Se opaca la incidencia del orden simbólico en el que el sujeto inmersiona. La cultura en tanto tal queda aludida solo como ambientalismo en el que el órgano impera.
Así los cerebros no solo segregan pensamientos sino que hasta dialogan entre sí.
Cuando se llega al límite de enunciar la existencia de un “cerebro social”, no se vislumbra que en ese movimiento enunciativo ya no se habla de sinapsis neuronales (salvo que haya un implícito telepático no formulado – nos permitimos a modo de algo de humor).
Desde ya que no se trata de sostener una perspectiva que prescinda de los órganos, ni por ende de las neuronas. Pero los cuerpos tal como intentamos al menos aludir, no son solo orgánicos; no son solo conectividades neuronales.
Son cuerpos en riesgo estructural de habitar en lo angustioso de la fragmentación, con que las eficacias traumáticas hacen vacilar el anudamiento en que habitamos.
Cuerpos marcados por el Otro, por la habitación subjetiva y sus implicancias; y tal como anticipamos, las palabras son un recurso mayor para disolver padecimientos, como lo fueron y lo son para generarlos. En su contundencia o en su ausencia, extremando alternativas.
Habitar en el campo del lenguaje y la función de la palabra pone en juego la especificidad de lo humano en tanto hablante, sujeto a la inmensa creatividad que da la inmersión y construcción de un mundo simbólico en que los saberes producen una novación tecnológica frenética. Y a su vez sumergen en la ansiedad y el tono angustioso inherente a la subjetivación como tal. No por nada se reitera en su facilitación el diagnóstico psiquiátrico de ansiedad generalizada. Denotación de un efecto de estructura.

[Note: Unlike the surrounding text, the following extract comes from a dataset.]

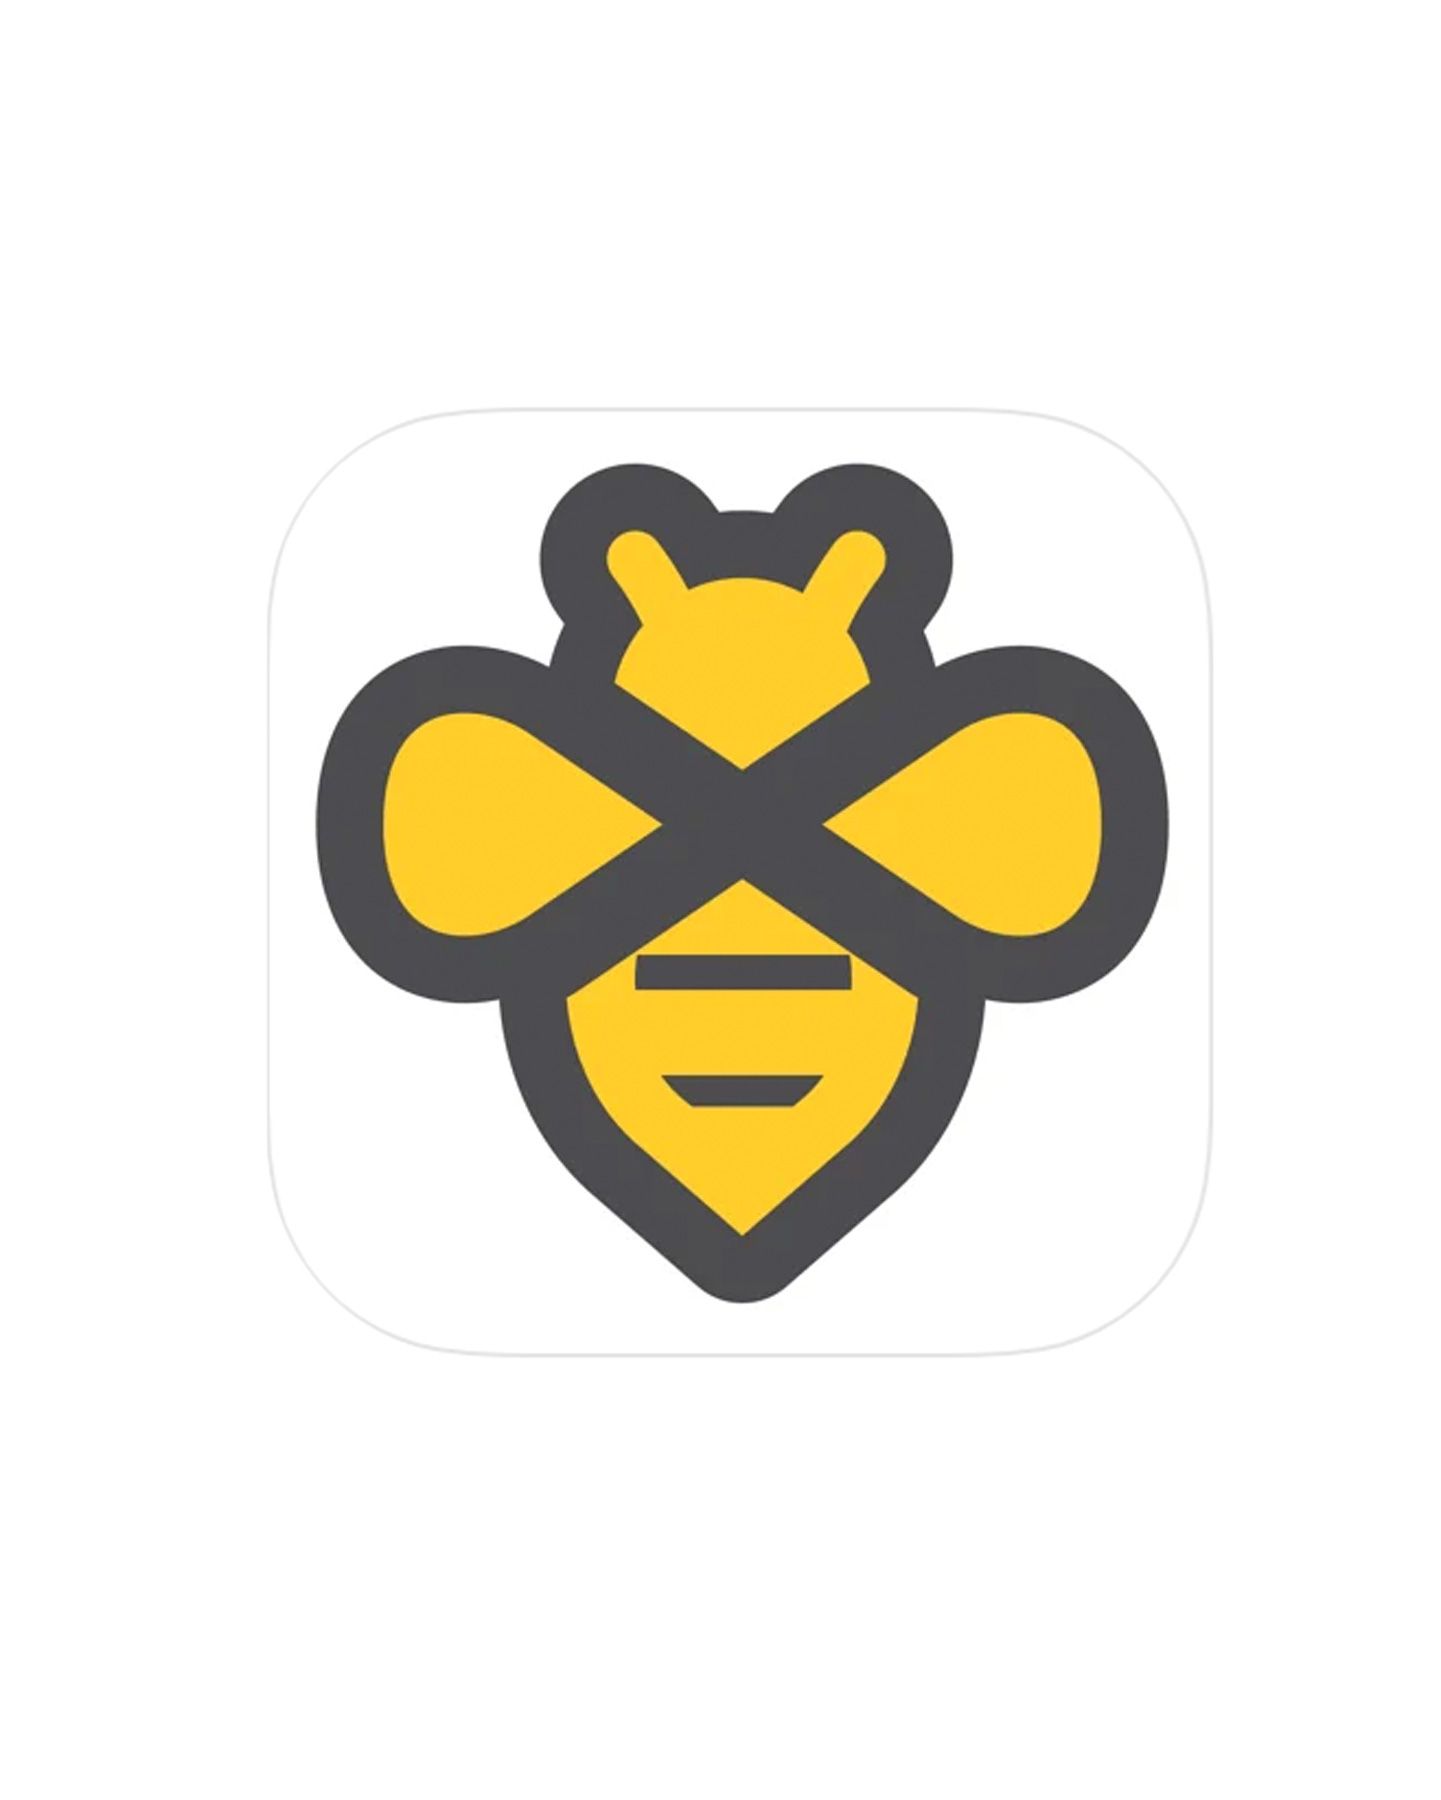 Aplacaidean cinneasachd: app Beeminder

Los hallazgos formidables de las neurociencias están lejos de contradecir las hipótesis centrales y la praxis como tal del psicoanálisis. Más aún podemos acompañar a quienes, como Gerard Pommier 1, dan testimonio que las verifican. Hay abierto un amplio y fecundo espacio de interlocución.
Es esperable que los analistas estemos muy atentos a los hallazgos neurocientíficos. También sería deseable y productivo que desde las neurociencias se valgan de los conceptos fundamentales del psicoanálisis: inconsciente, repetición, transferencia, pulsión; por solo enunciar los que destaca Lacan como tales. Conceptos que conllevan la decantación de una praxis sostenida ya hace más de un siglo.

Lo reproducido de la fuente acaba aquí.